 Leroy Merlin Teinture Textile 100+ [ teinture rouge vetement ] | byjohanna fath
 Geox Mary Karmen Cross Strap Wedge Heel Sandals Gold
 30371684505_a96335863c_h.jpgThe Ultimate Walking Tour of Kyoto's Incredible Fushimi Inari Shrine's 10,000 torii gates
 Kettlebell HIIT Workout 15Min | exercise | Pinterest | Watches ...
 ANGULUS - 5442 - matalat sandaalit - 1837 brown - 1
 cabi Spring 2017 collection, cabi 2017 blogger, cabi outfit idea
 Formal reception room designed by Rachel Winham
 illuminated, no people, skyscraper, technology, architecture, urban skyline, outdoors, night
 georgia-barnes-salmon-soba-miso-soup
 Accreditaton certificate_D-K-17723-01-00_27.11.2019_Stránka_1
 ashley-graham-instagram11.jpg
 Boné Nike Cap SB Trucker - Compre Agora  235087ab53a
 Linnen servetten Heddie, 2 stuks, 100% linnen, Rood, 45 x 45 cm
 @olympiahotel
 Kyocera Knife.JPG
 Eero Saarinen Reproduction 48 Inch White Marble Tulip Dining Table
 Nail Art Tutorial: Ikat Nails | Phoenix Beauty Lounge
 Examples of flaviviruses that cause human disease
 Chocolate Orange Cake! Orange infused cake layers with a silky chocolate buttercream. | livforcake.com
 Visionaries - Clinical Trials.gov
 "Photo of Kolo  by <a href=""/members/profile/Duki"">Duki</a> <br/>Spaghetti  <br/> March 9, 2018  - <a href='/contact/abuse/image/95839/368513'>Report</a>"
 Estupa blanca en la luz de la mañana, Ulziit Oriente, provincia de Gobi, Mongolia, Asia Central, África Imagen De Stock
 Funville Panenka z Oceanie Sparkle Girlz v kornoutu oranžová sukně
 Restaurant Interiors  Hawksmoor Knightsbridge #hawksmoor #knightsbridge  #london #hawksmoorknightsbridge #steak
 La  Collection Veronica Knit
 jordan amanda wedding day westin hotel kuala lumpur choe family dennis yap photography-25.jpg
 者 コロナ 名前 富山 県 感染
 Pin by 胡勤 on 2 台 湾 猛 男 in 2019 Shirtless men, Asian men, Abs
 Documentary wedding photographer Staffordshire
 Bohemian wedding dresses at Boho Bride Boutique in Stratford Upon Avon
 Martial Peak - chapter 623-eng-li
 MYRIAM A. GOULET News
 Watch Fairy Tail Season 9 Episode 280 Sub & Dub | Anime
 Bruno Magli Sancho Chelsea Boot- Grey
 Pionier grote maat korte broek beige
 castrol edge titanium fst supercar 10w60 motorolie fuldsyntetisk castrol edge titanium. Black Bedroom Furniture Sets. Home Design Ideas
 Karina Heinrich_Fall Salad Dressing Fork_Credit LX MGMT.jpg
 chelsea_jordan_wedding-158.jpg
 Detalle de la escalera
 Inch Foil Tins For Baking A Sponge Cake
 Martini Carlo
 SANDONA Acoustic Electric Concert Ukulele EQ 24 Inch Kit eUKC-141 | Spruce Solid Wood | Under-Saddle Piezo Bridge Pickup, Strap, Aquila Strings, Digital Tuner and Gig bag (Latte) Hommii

·····

### WORK TASK:
Reproduce each line of the entries above from the one containing "Documentary wedding photographer" through the last, exactly, and no other line.

### WRITTEN RESPONSE:
 Documentary wedding photographer Staffordshire
 Bohemian wedding dresses at Boho Bride Boutique in Stratford Upon Avon
 Martial Peak - chapter 623-eng-li
 MYRIAM A. GOULET News
 Watch Fairy Tail Season 9 Episode 280 Sub & Dub | Anime
 Bruno Magli Sancho Chelsea Boot- Grey
 Pionier grote maat korte broek beige
 castrol edge titanium fst supercar 10w60 motorolie fuldsyntetisk castrol edge titanium. Black Bedroom Furniture Sets. Home Design Ideas
 Karina Heinrich_Fall Salad Dressing Fork_Credit LX MGMT.jpg
 chelsea_jordan_wedding-158.jpg
 Detalle de la escalera
 Inch Foil Tins For Baking A Sponge Cake
 Martini Carlo
 SANDONA Acoustic Electric Concert Ukulele EQ 24 Inch Kit eUKC-141 | Spruce Solid Wood | Under-Saddle Piezo Bridge Pickup, Strap, Aquila Strings, Digital Tuner and Gig bag (Latte) Hommii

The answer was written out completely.